General information
- Type: Ultralight aircraft and Light-sport aircraft
- National origin: Germany
- Manufacturer: Roland Aircraft
- Status: In production (2012)

= Roland S-STOL =

German STOL aircraft

The Roland S-STOL is a German STOL ultralight and light-sport aircraft, produced by Roland Aircraft. The aircraft is supplied as a kit for amateur construction or as a complete ready-to-fly-aircraft.

==Design and development==
The aircraft was designed to comply with the Fédération Aéronautique Internationale microlight rules and US light-sport aircraft rules. It features a strut-braced high-wing, a two-seats-in-side-by-side configuration enclosed cockpit accessed via doors, fixed tricycle landing gear and a single engine in tractor configuration.

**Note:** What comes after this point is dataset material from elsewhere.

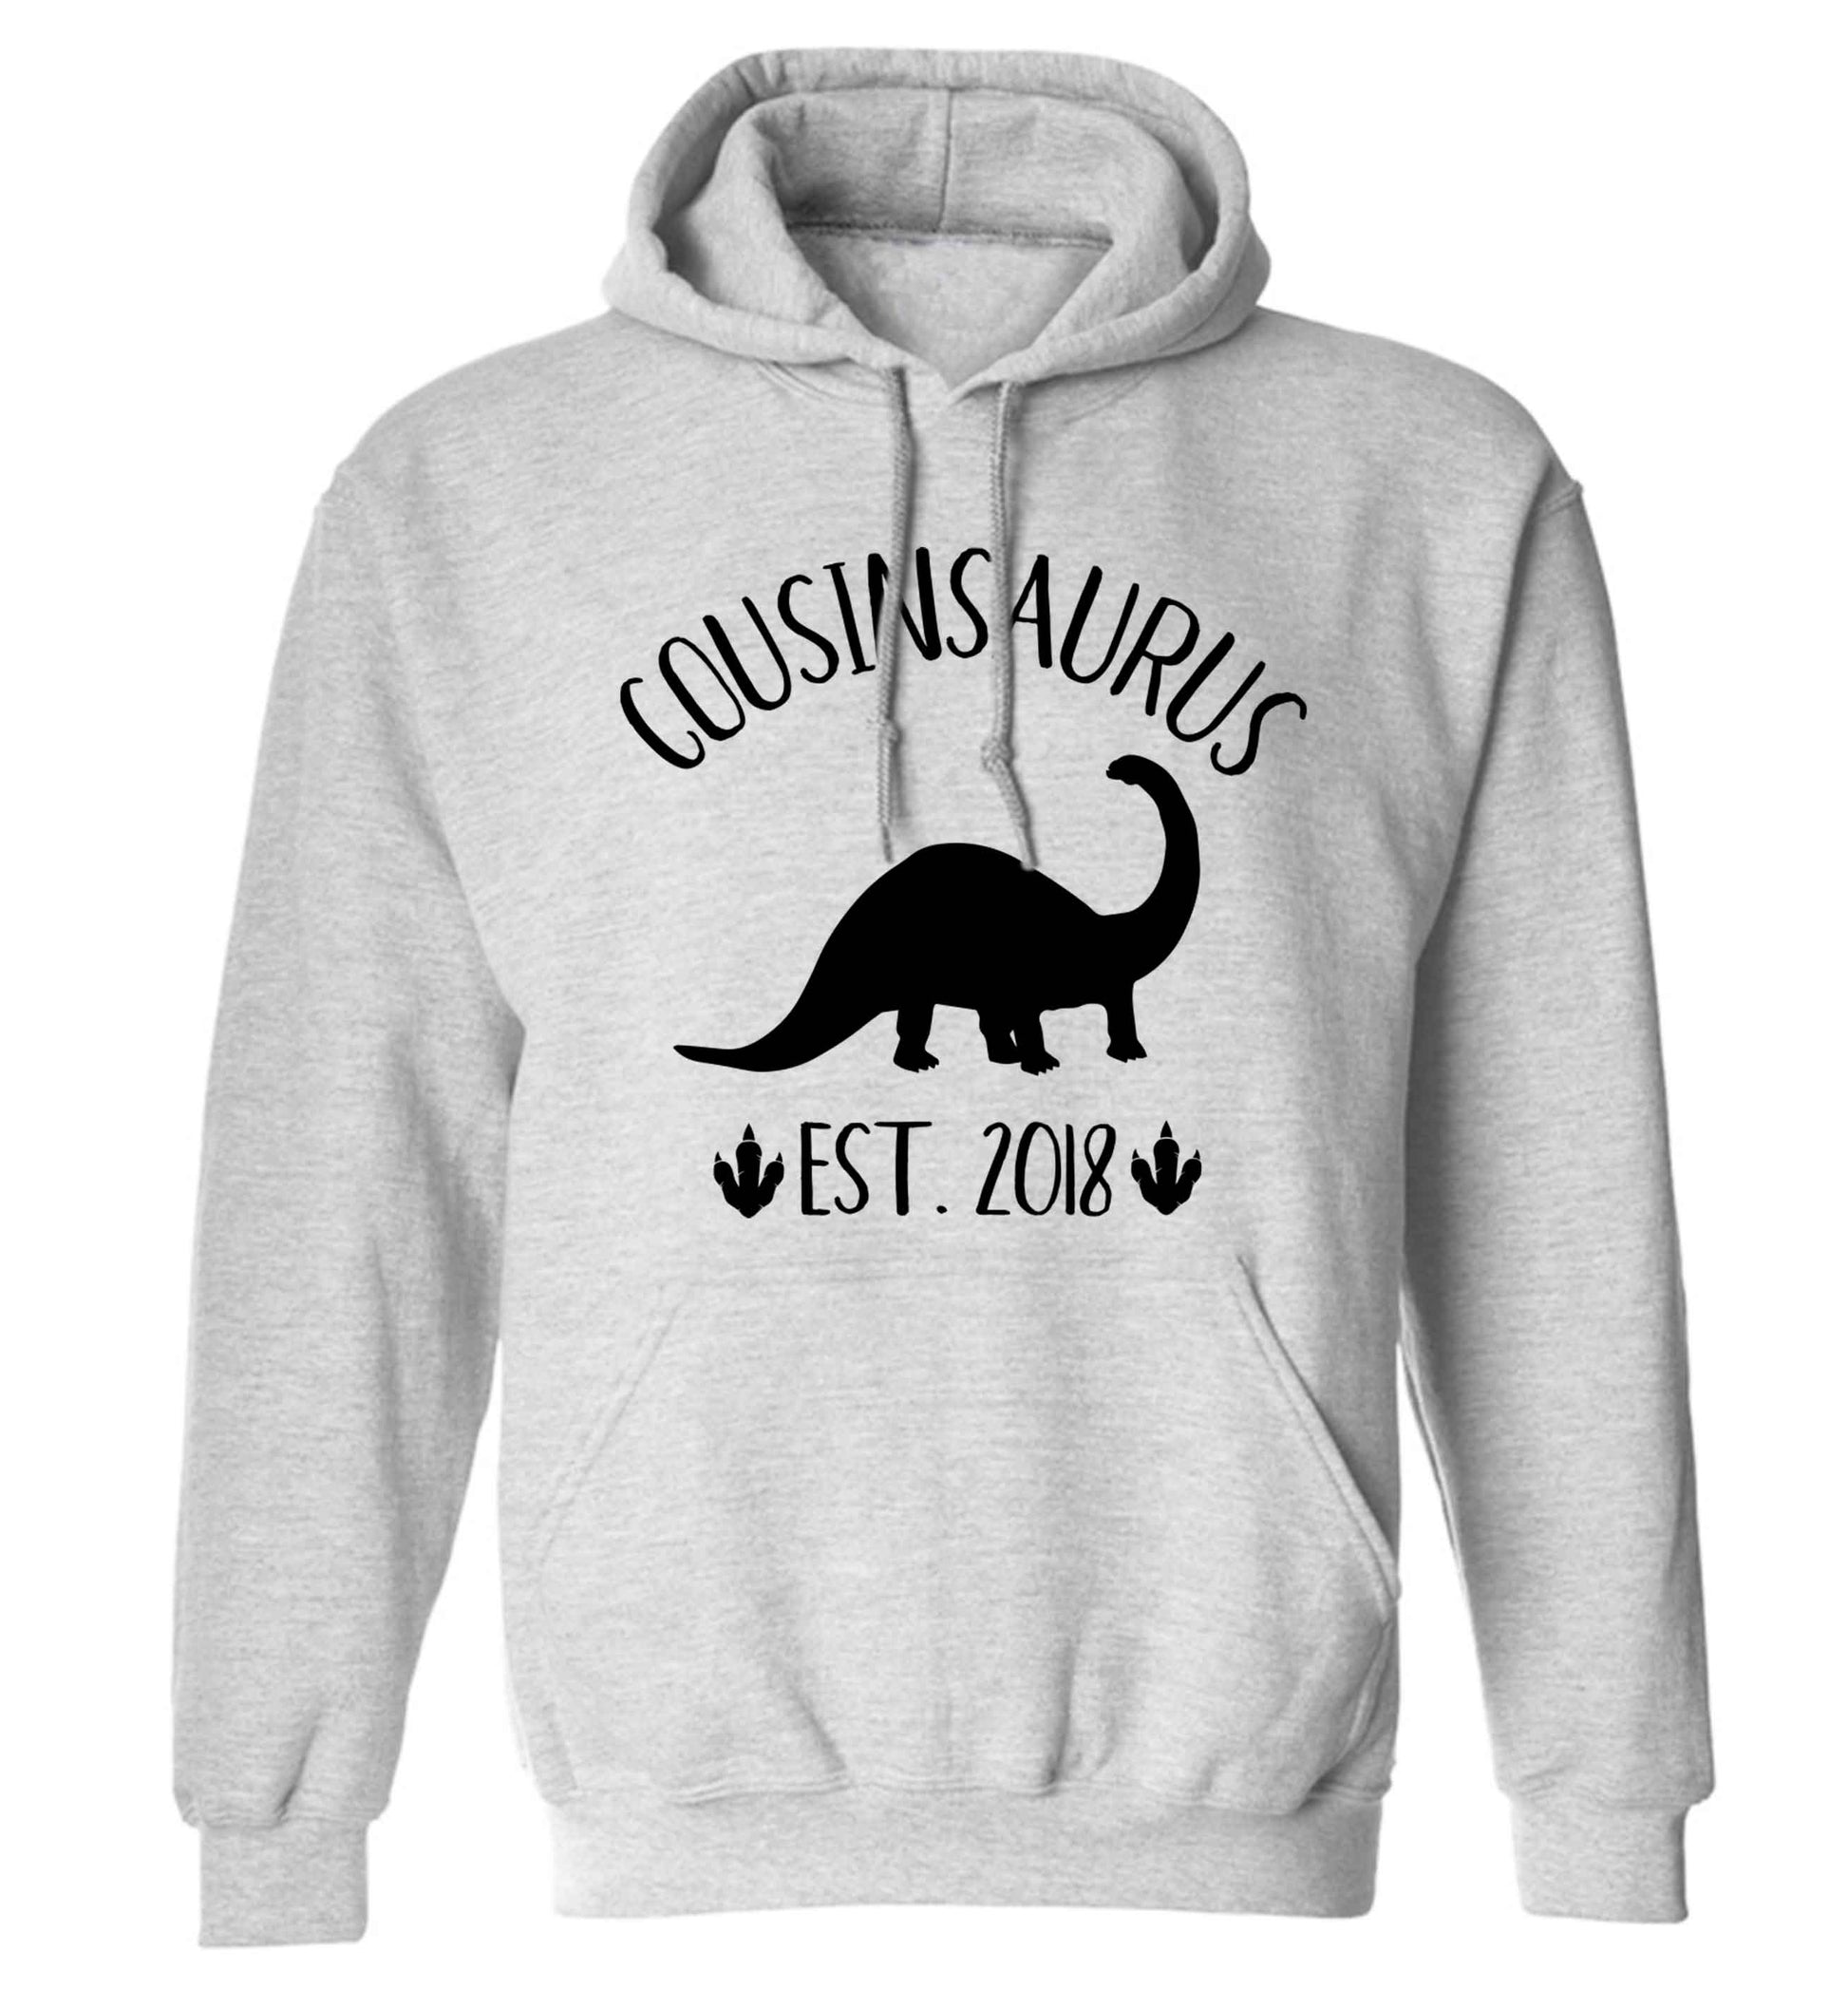 Personalised cousinsaurus since (custom date) adults unisex grey hoodie 2XL

The aircraft is made from sheet aluminum. Its 8.20 m span wing has an area of 11.4 m2 leading edge slots and flaps. The wing is supported by V-struts with jury struts. The standard engine available is the 80 hp Rotax 912UL four-stroke powerplant. The S-STOL can be de-rigged for storage and folding wings are a factory option. The aircraft can be fitted with wheels, skis and floats and can be used to tow gliders and hang gliders.

==Operational history==
Reviewer Marino Boric described the design in a 2015 review saying, "high reliability, robustness and real short-field ability make it a good-natured aircraft with forgiving characteristics both in the air and on the ground, where
its robust undercarriage, high ground clearance and tundra tires help it cope with the roughest strips."